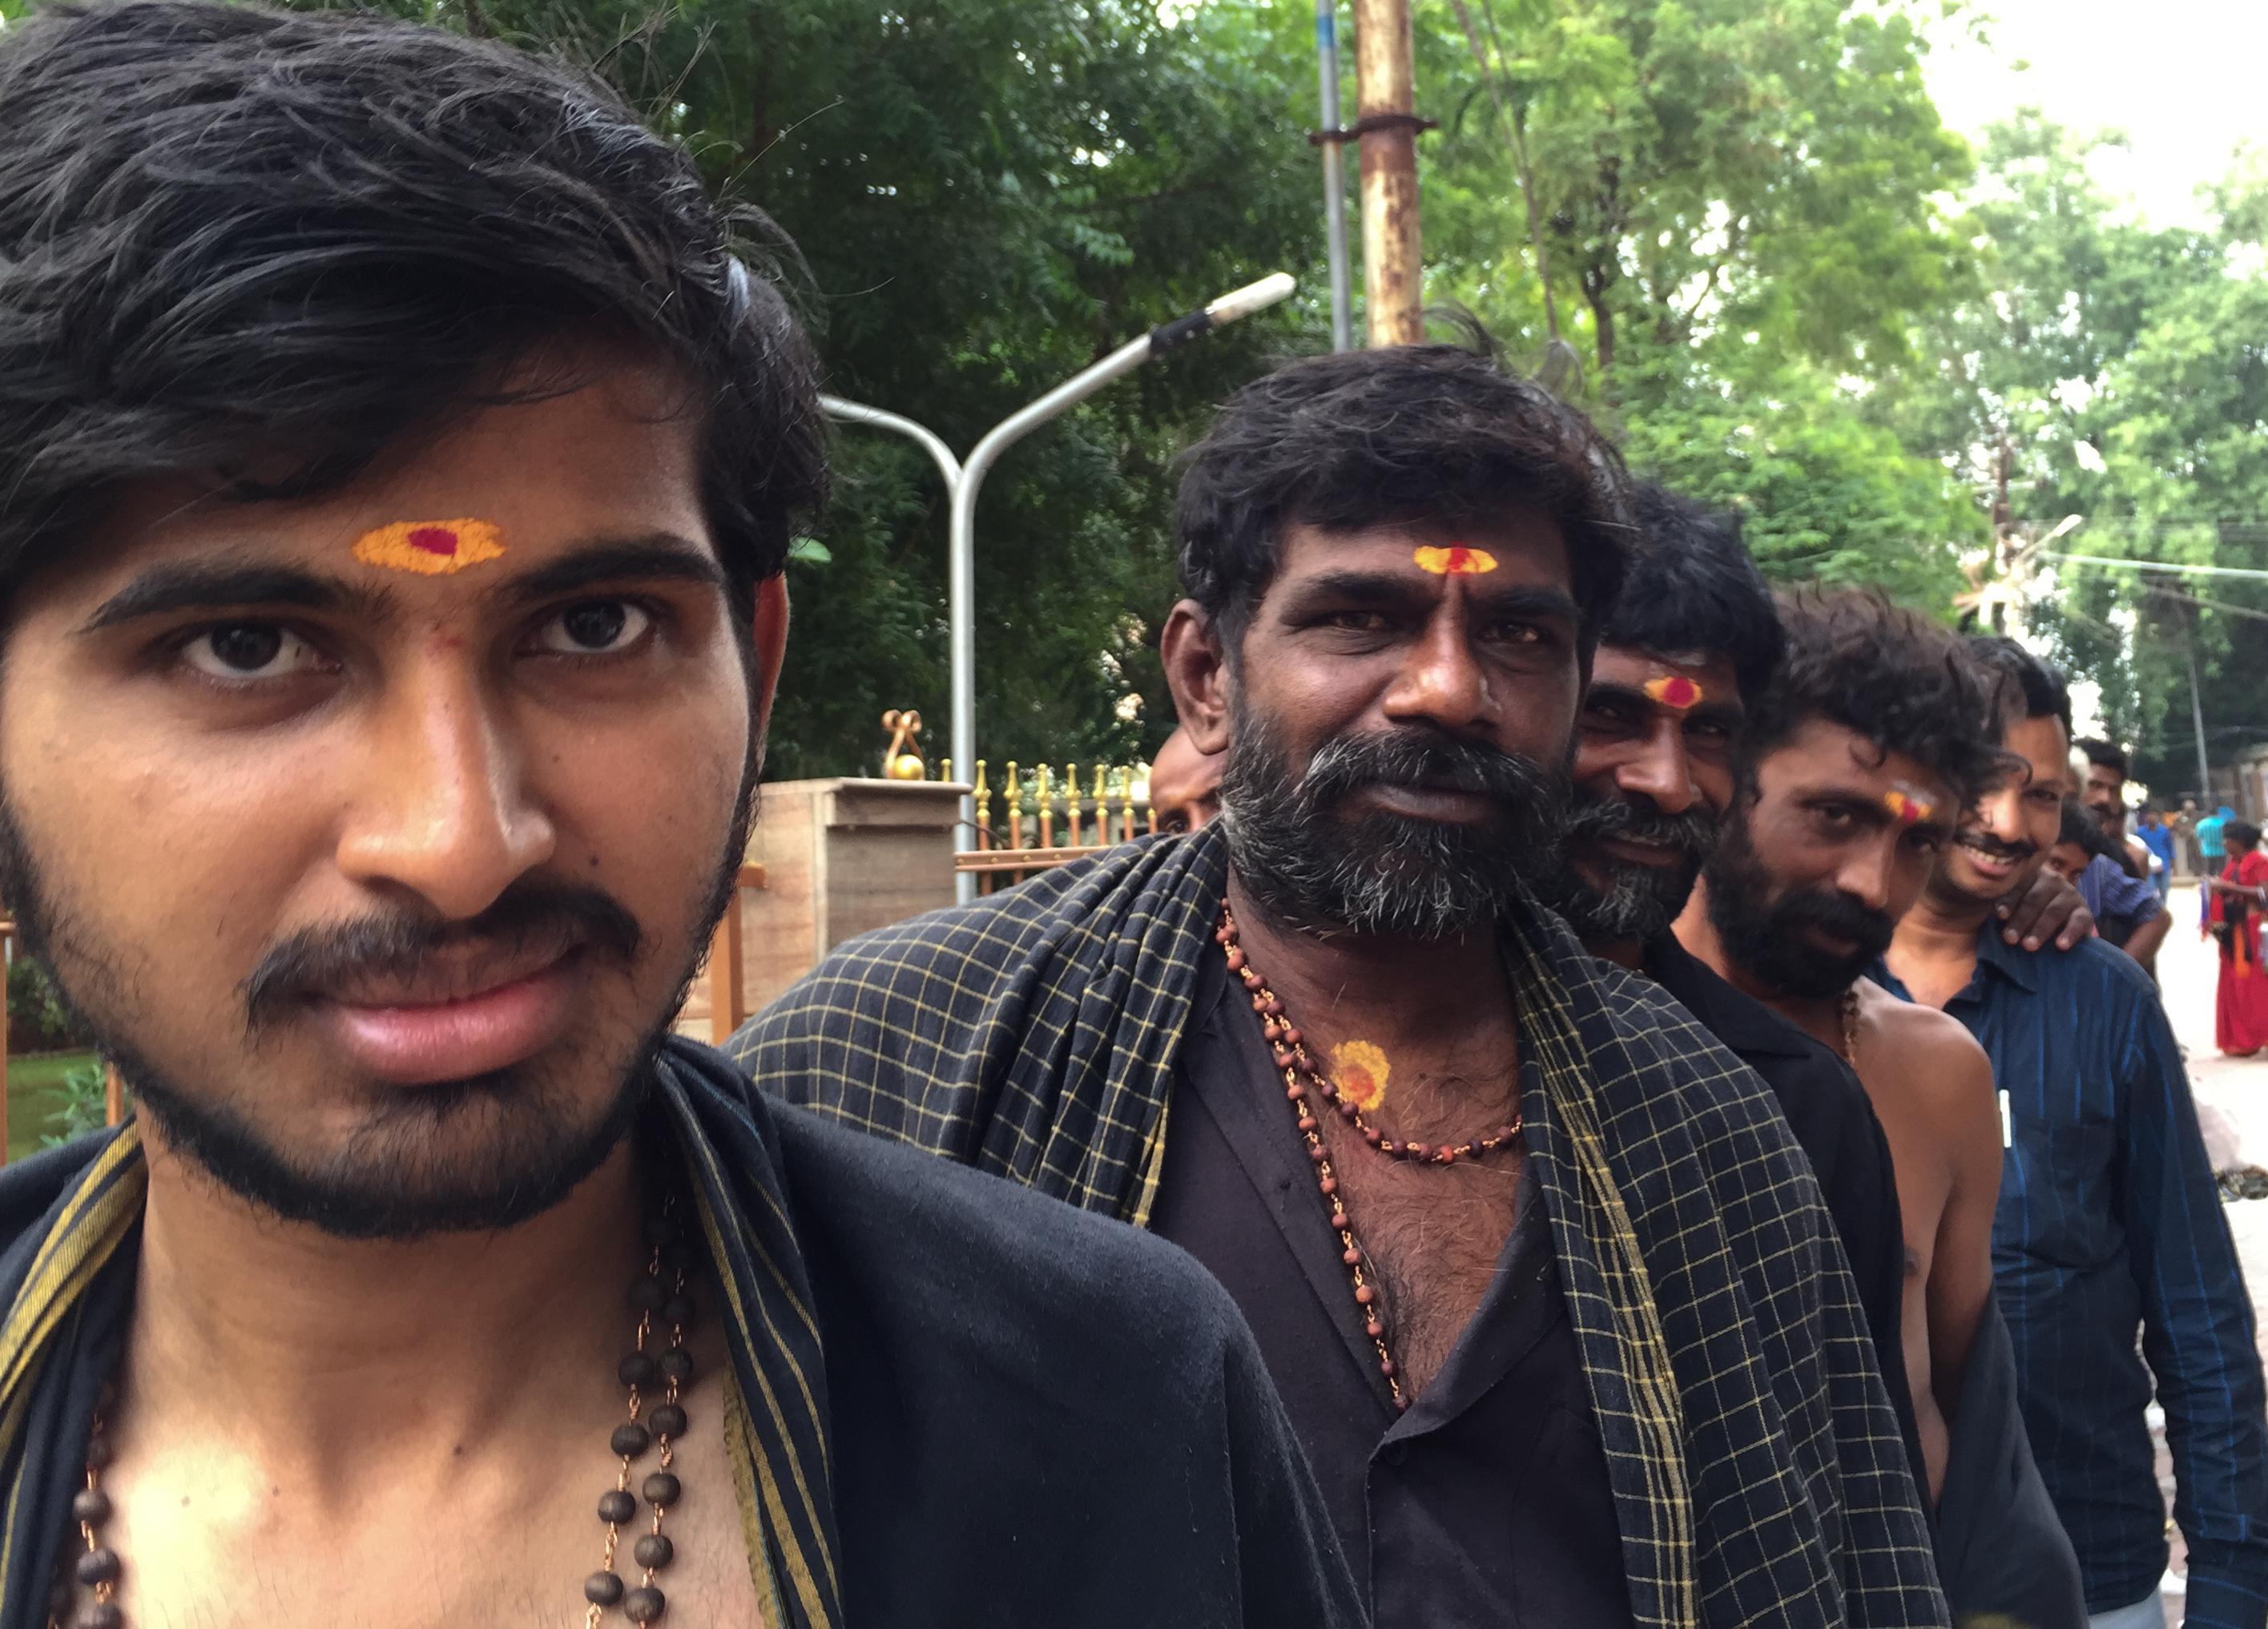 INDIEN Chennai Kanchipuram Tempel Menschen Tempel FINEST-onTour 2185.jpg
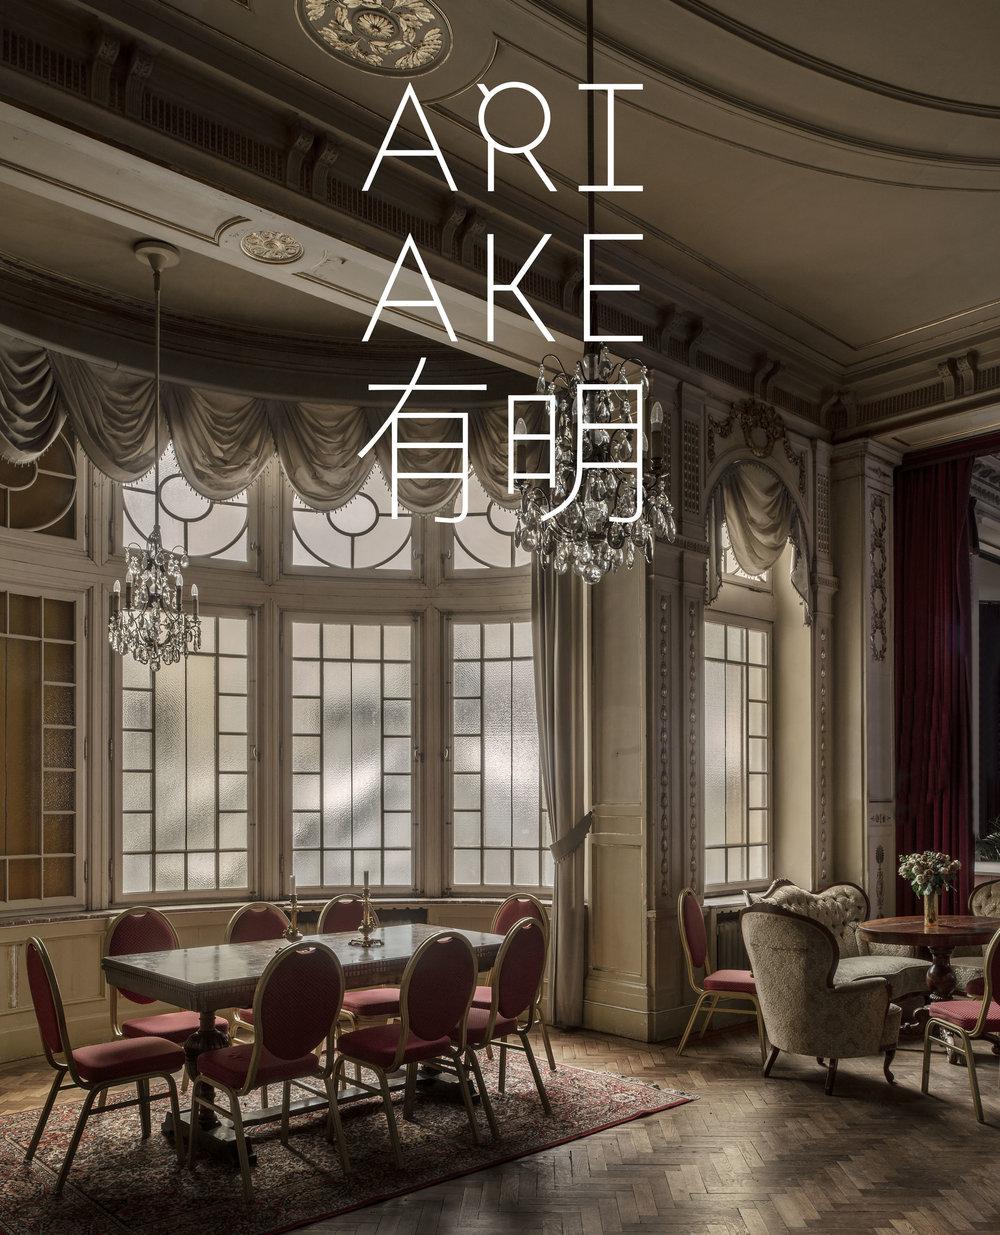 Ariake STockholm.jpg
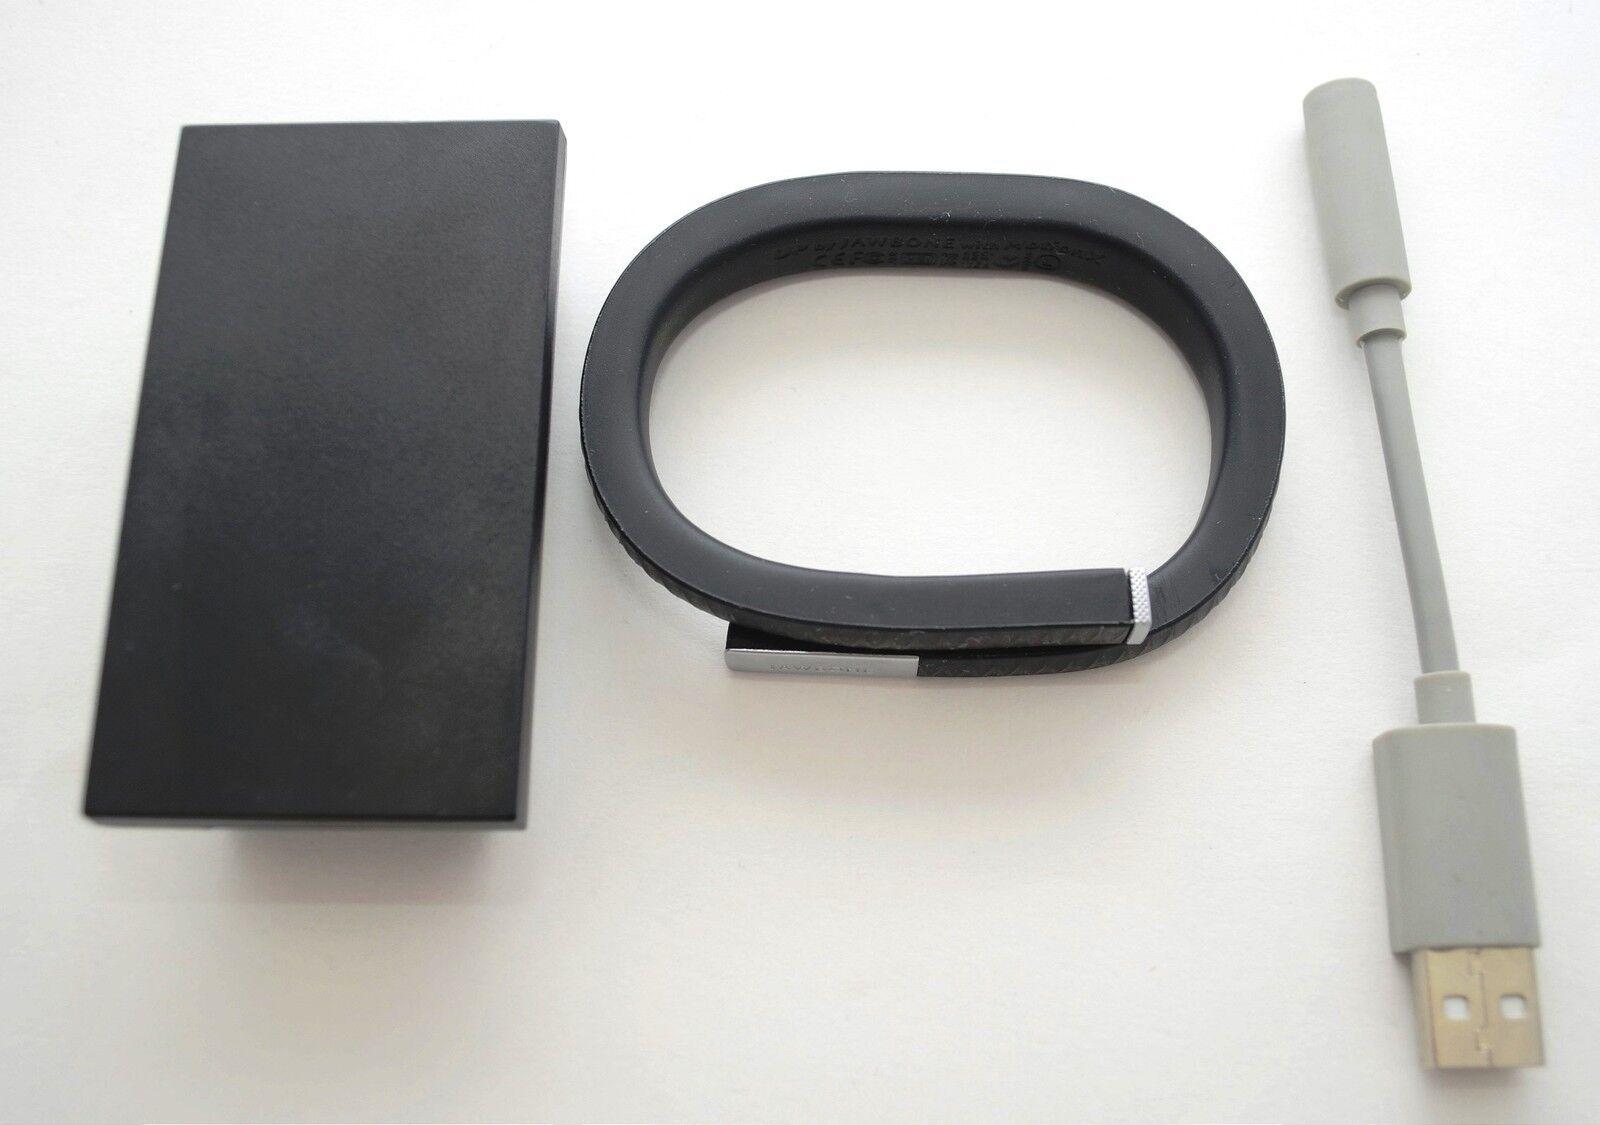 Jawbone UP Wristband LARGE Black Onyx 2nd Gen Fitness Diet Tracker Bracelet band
════════
### What you are asked to do
Return the data exactly. Pictures stay out.

### Written answer
 INDIEN Chennai Kanchipuram Tempel Menschen Tempel FINEST-onTour 2185.jpg
 Ariake STockholm.jpg
 Jawbone UP Wristband LARGE Black Onyx 2nd Gen Fitness Diet Tracker Bracelet band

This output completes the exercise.